Architecture Decisions
Choose boring infrastructure. Save your creativity for the product.
The models, APIs, and databases you pick on day one will either accelerate you or haunt you for years. Choose wisely.
What you'll learn
- How to choose between APIs, open-source models, and fine-tuning
- The cost/quality/speed triangle for AI infrastructure
- When to use RAG vs. fine-tuning vs. prompt engineering
- Building for model-agnosticism from day one
API vs. Open Source vs. Fine-Tuned
APIs (Claude, GPT, Gemini): Start here. Fastest time to market. Highest quality for general tasks. You pay per token but you ship in days, not months.

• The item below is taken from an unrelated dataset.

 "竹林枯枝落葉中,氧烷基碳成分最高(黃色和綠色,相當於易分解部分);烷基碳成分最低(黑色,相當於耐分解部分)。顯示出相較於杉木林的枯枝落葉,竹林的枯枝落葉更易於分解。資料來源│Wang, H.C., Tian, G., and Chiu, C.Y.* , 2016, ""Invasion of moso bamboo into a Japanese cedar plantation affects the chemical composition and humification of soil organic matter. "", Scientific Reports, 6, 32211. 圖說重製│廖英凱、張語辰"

The tradeoff: you're dependent on someone else's model, pricing, and uptime.
Open source (Llama, Mistral): Lower per-query cost at scale. Full control. But you own the infrastructure — hosting, scaling, monitoring. Don't go here until you have product-market fit and predictable traffic.

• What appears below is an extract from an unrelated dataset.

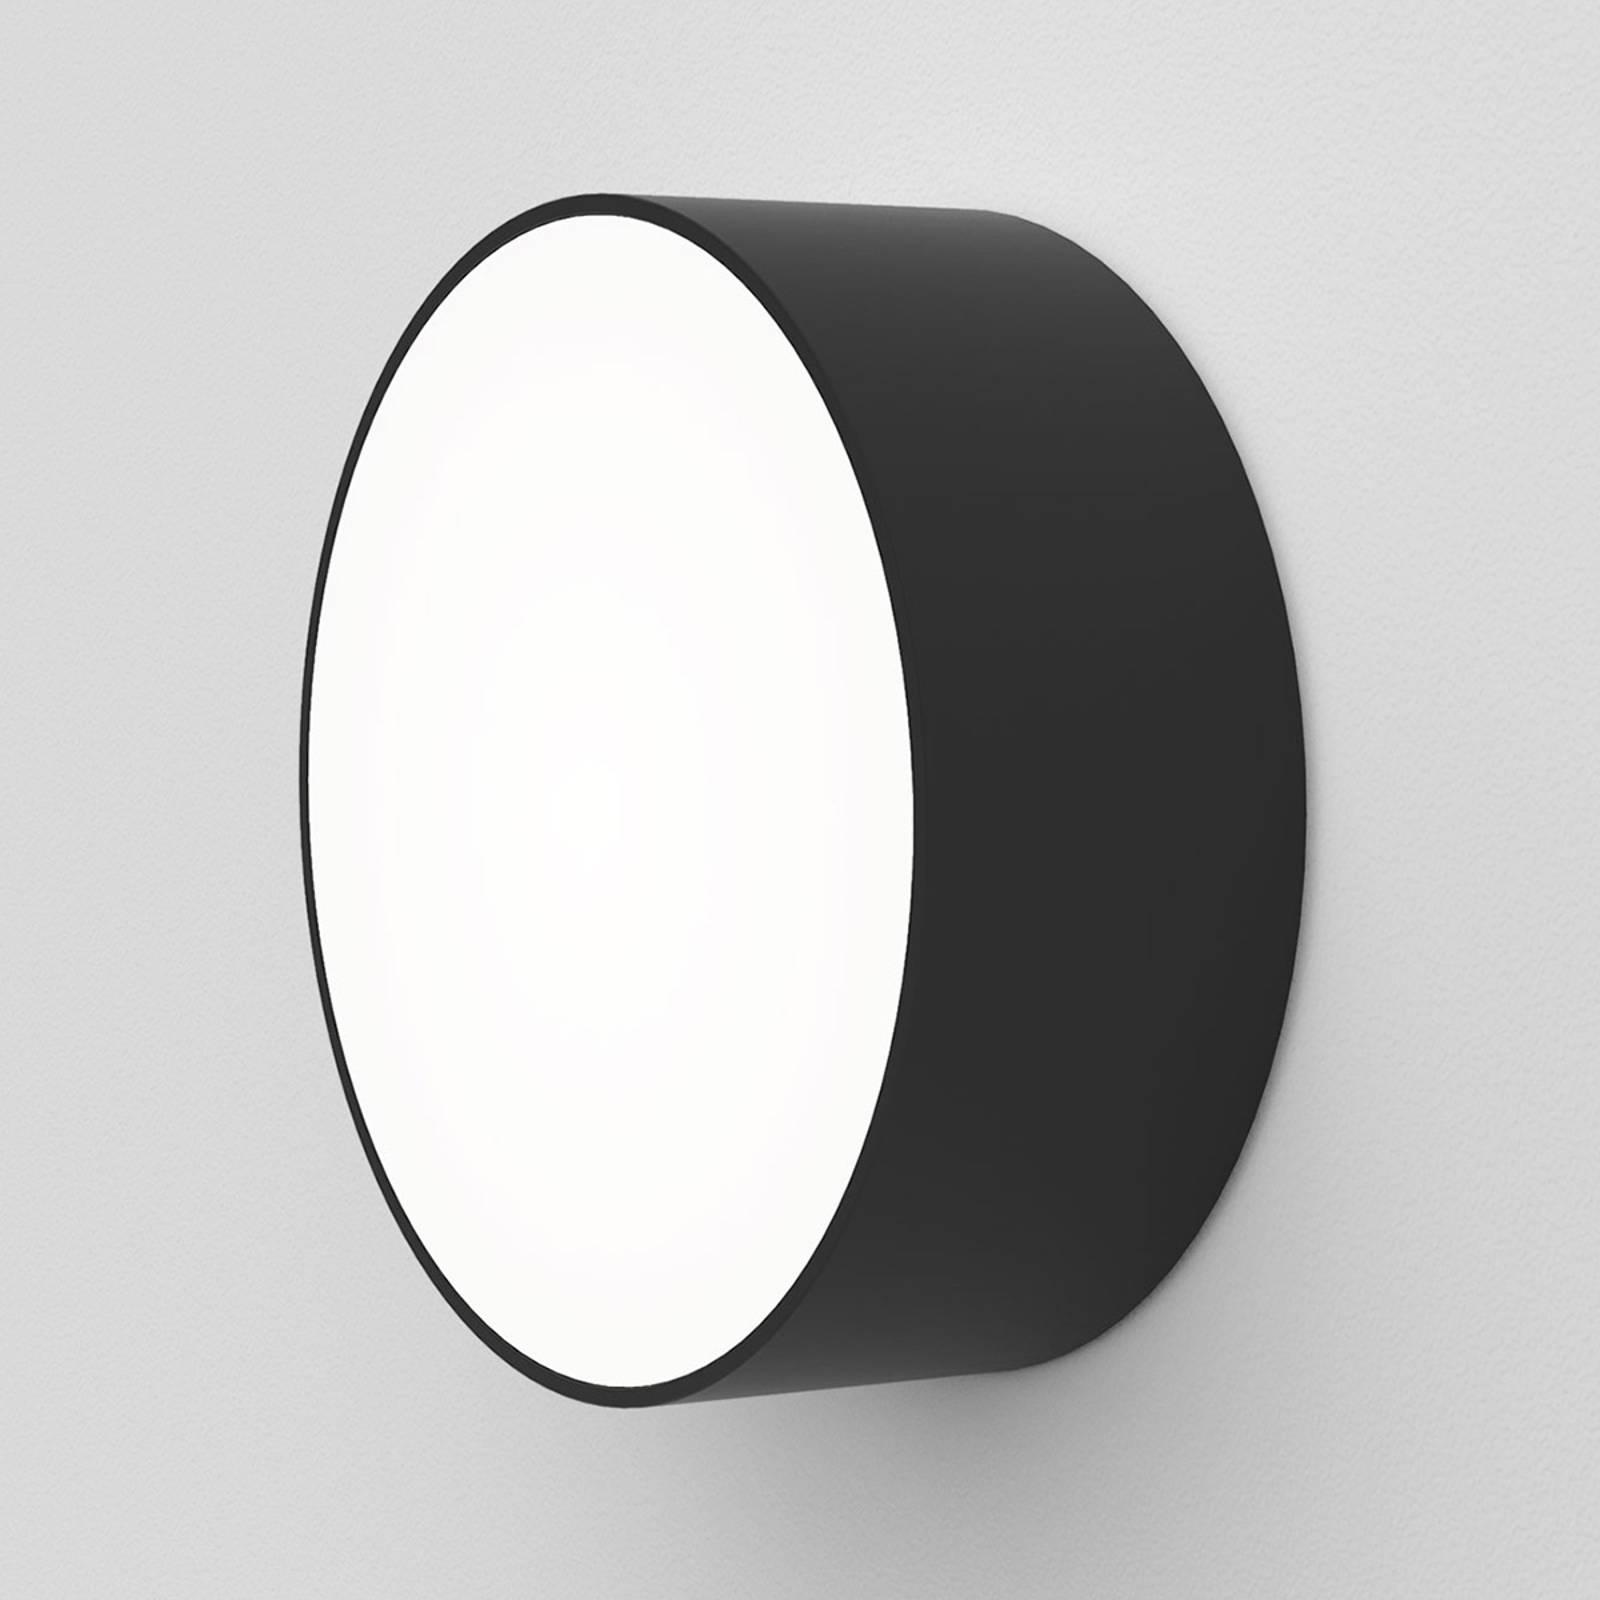 Astro Kea Round 150 LED-Wandleuchte schwarz

Fine-tuned models: Only when you have domain-specific data that general models can't match. Fine-tuning is expensive, requires clean data, and locks you to a specific model version. It's a phase 2 optimization, never a phase 1 choice.
The Cost/Quality/Speed Triangle
API (Claude/GPT): High quality, high speed, higher cost per query
Open Source (Llama): Good quality, moderate speed, low cost at scale (but high infra cost)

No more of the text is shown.